Updated by Victor Julien over 10 years ago
If you get this again, can you post the following gdb output:
Jump to frame 6 (the one that has "#6 StreamTcpReassembleAppLayer (tv=0xad3dd80, ra_ctx=0x7f75c0000fb0,")
(gdb) f 6
(gdb) print *ssn
(gdb) print ra_base_seq
(gdb) print payload_len
(gdb) print payload_offset
(gdb) print copy_size
(gdb) print *seg
Hopefully this will be enough to find the cause.
Please don't change your settings. That would only hide the bug, because that is what it is :)
Updated by Jason Borden over 10 years ago
(gdb) f 6 #6 StreamTcpReassembleAppLayer (tv=0x9f0de70, ra_ctx=0x7f1b50000fb0, ssn=0x7f1b51c5c860, stream=0x7f1b51c5c868, p=0x27682e0) at stream-tcp-reassemble.c:3139 3139 memcpy(data + data_len, seg->payload + (gdb) p *ssn $1 = {res = 0, state = 4 '\004', queue_len = 0 '\000', data_first_seen_dir = -13 '\363', flags = 5648, server = {flags = 128, wscale = 6 '\006', os_policy = 5 '\005', isn = 3552530536, next_seq = 3552862937, last_ack = 3552851289, next_win = 3552886425, window = 29312, last_ts = 0, last_pkt_ts = 0, ra_app_base_seq = 3552854200, ra_raw_base_seq = 3552849832, seg_list = 0x7f1b513eda50, seg_list_tail = 0x7f1b49d6f410, sack_head = 0x7f1ae43a6030, sack_tail = 0x7f1ae43a6030}, client = { flags = 160, wscale = 6 '\006', os_policy = 0 '\000', isn = 1221981603, next_seq = 1221982478, last_ack = 1221982478, next_win = 1222013390, window = 30912, last_ts = 0, last_pkt_ts = 1397754340, ra_app_base_seq = 1221982477, ra_raw_base_seq = 1221982477, seg_list = 0x0, seg_list_tail = 0x0, sack_head = 0x0, sack_tail = 0x0}, toserver_smsg_head = 0x0, toserver_smsg_tail = 0x0, toclient_smsg_head = 0x7f1b53ab7420, toclient_smsg_tail = 0x7f1b53ab7420, queue = 0x0} (gdb) p ra_base_seq $2 = 3552858296 (gdb) p payload_len $3 = 272 (gdb) p payload_offset $4 = 11376 (gdb) p copy_size $5 = 64352 (gdb) p *seg $6 = {payload = 0x7f1b52851180 "e\243k", payload_len = 10192, pool_size = 65535, seq = 3552846921, next = 0x7f1b49d6f410, prev = 0x0, flags = 1 '\001'}
Updated by Victor Julien over 10 years ago
It seems the problem actually originates from before this packet. We have a case where stream->ra_app_base_seq > stream->last_ack, which shouldn't be possible.

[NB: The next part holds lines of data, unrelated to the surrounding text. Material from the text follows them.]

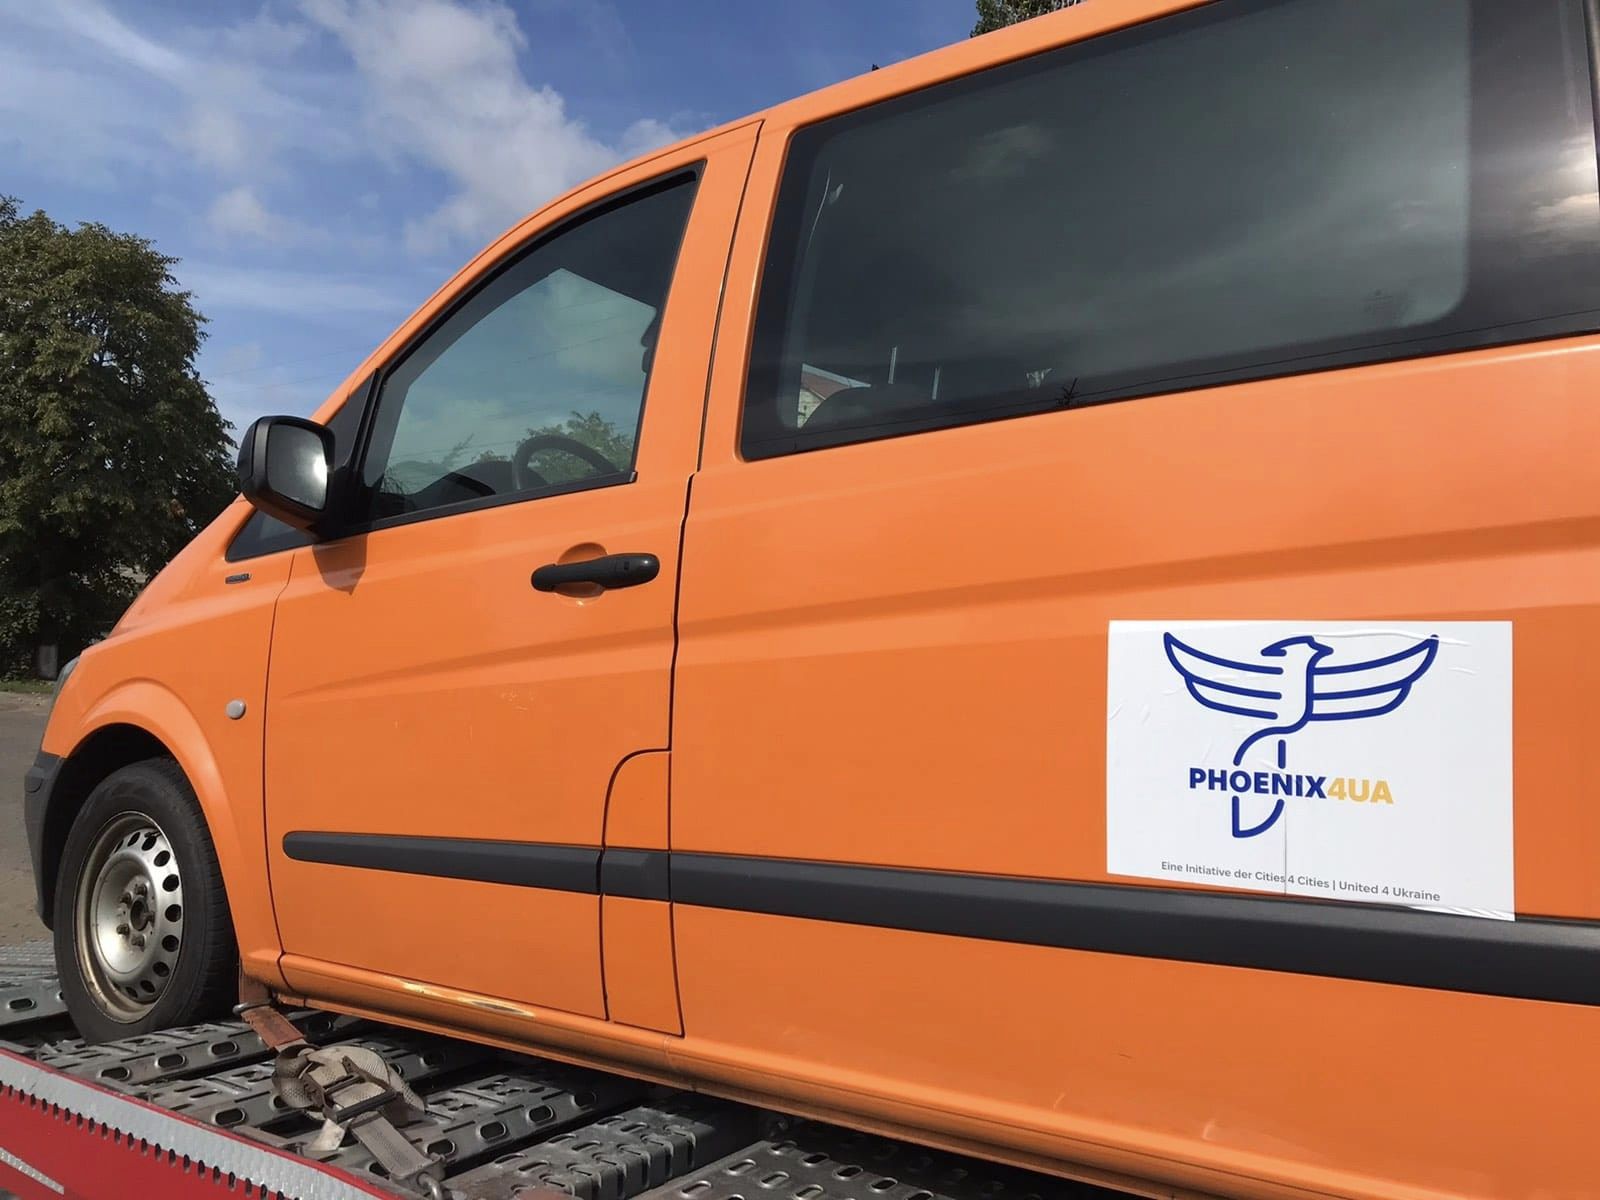 Шабівська сільська громада продовжує отримувати допомогу від Німеччини - до пожежного автомобіля додався мікроавтобус
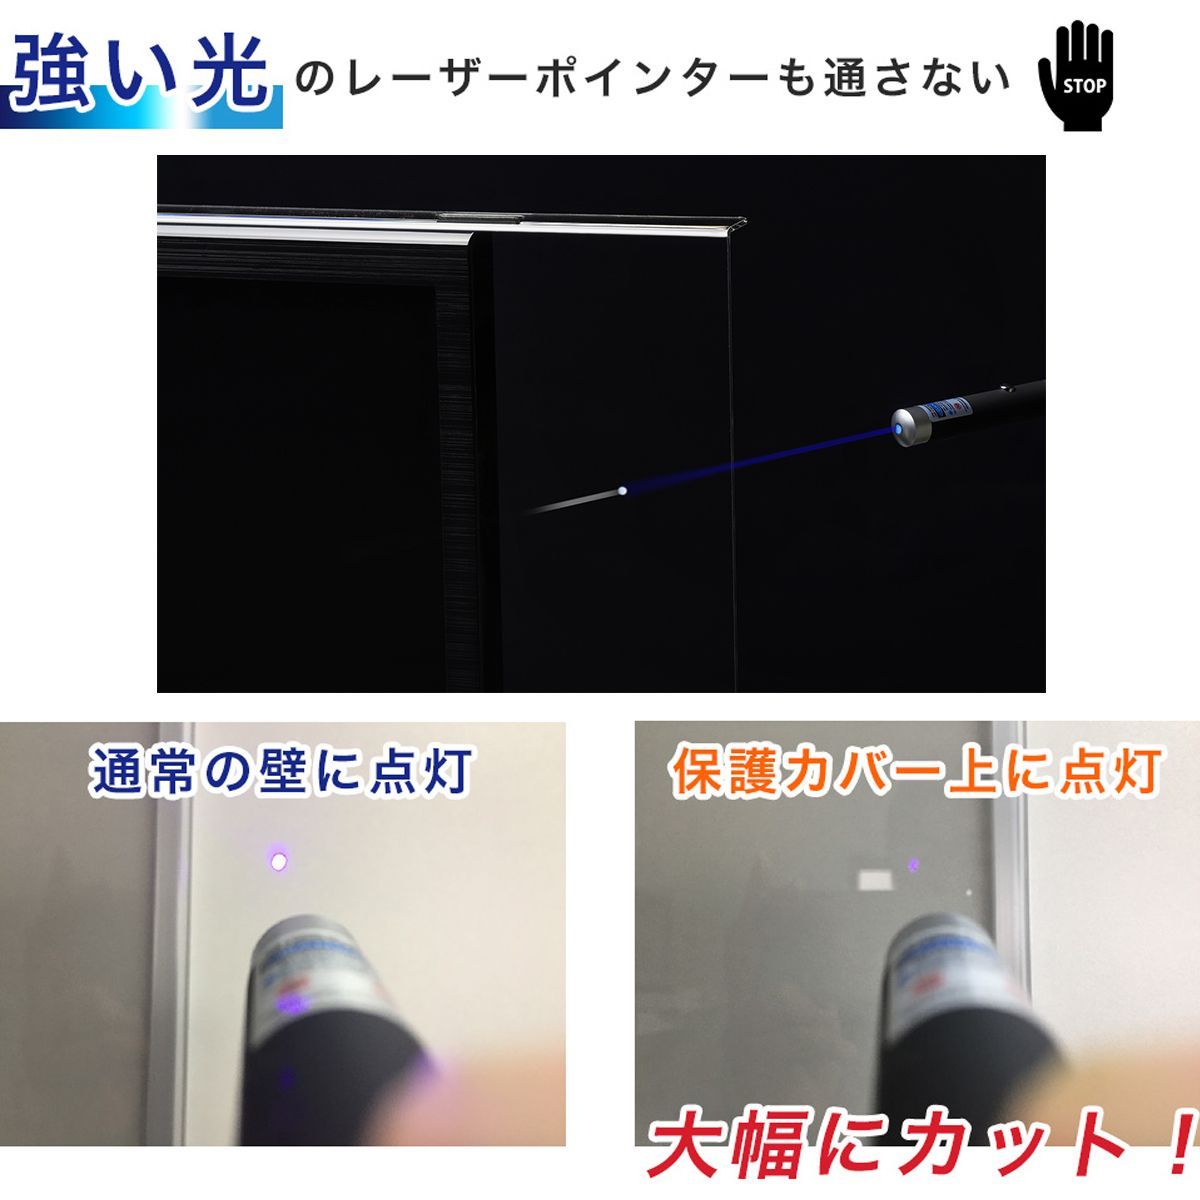 【新品】【50インチ】液晶テレビ用保護パネル / ブルーライトカットパネル-2
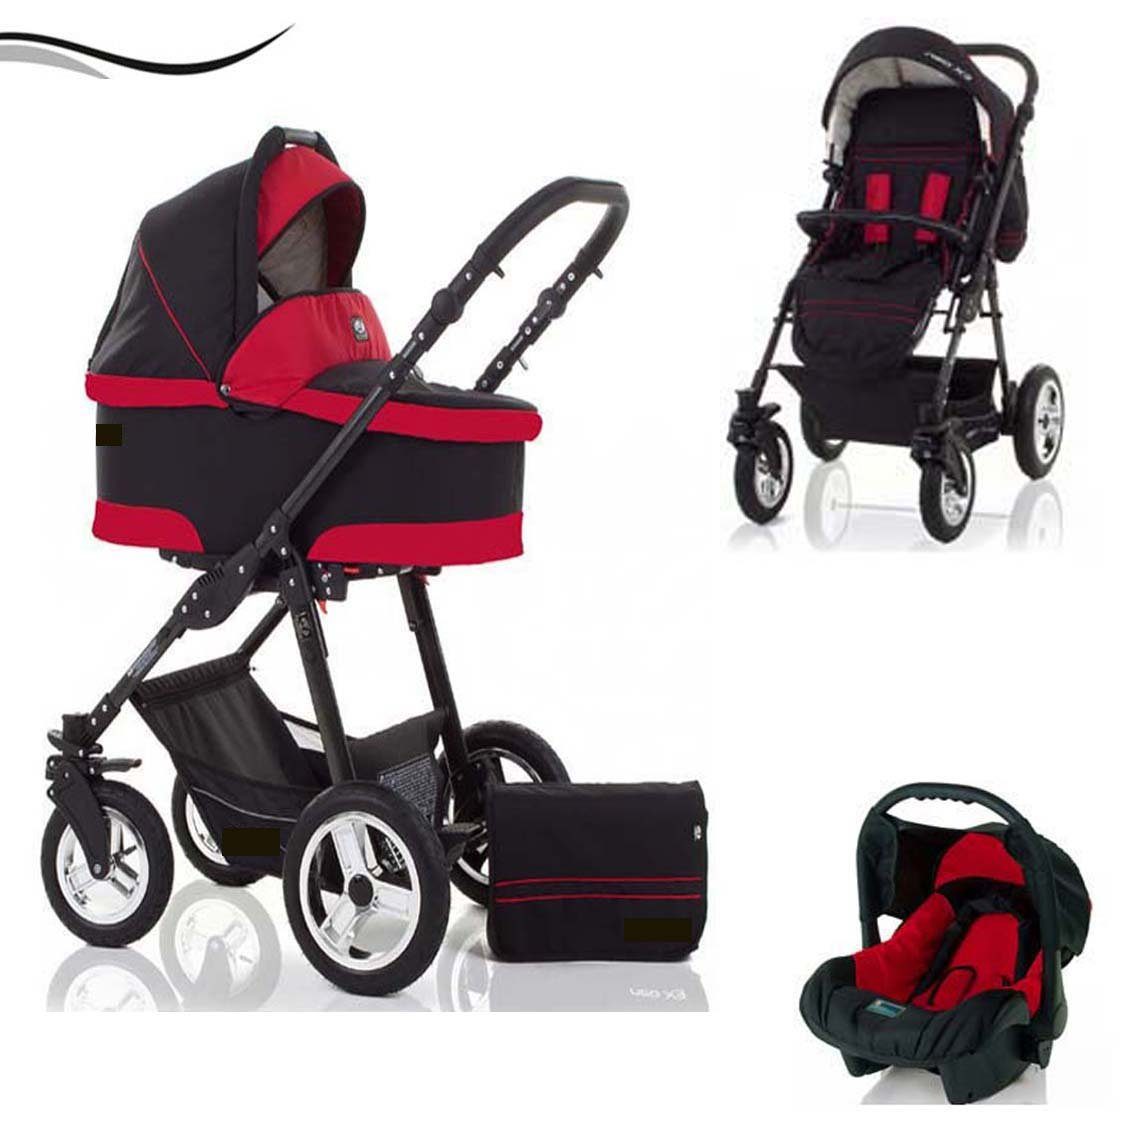 babies-on-wheels Kombi-Kinderwagen City Star 3 in 1 inkl. Autositz - 16 Teile - von Geburt bis 4 Jahre in 16 Farben Schwarz-Rot

Are you able to reproduce this on a pcap? Is it possible for you to record some of your traffic and replay it somehow to Suricata (or directly read the pcap file) to see if that reproduces the issue?
Updated by Jason Borden over 10 years ago
At this point I'm about 90% sure that the problem is related to having checksum checks turned off. I have not yet been able to reproduce the issue when they are turned on. I'll still try out pcap with checksums off and record the traffic.
Updated by Victor Julien over 10 years ago
Thanks. Even if the checksum checks somehow influence it, a crash still shouldn't happen in any case.
Updated by Jason Borden over 10 years ago
I've been running with --pcap=eth2 and checksums off for the past couple weeks and haven't been able to reproduce the bug.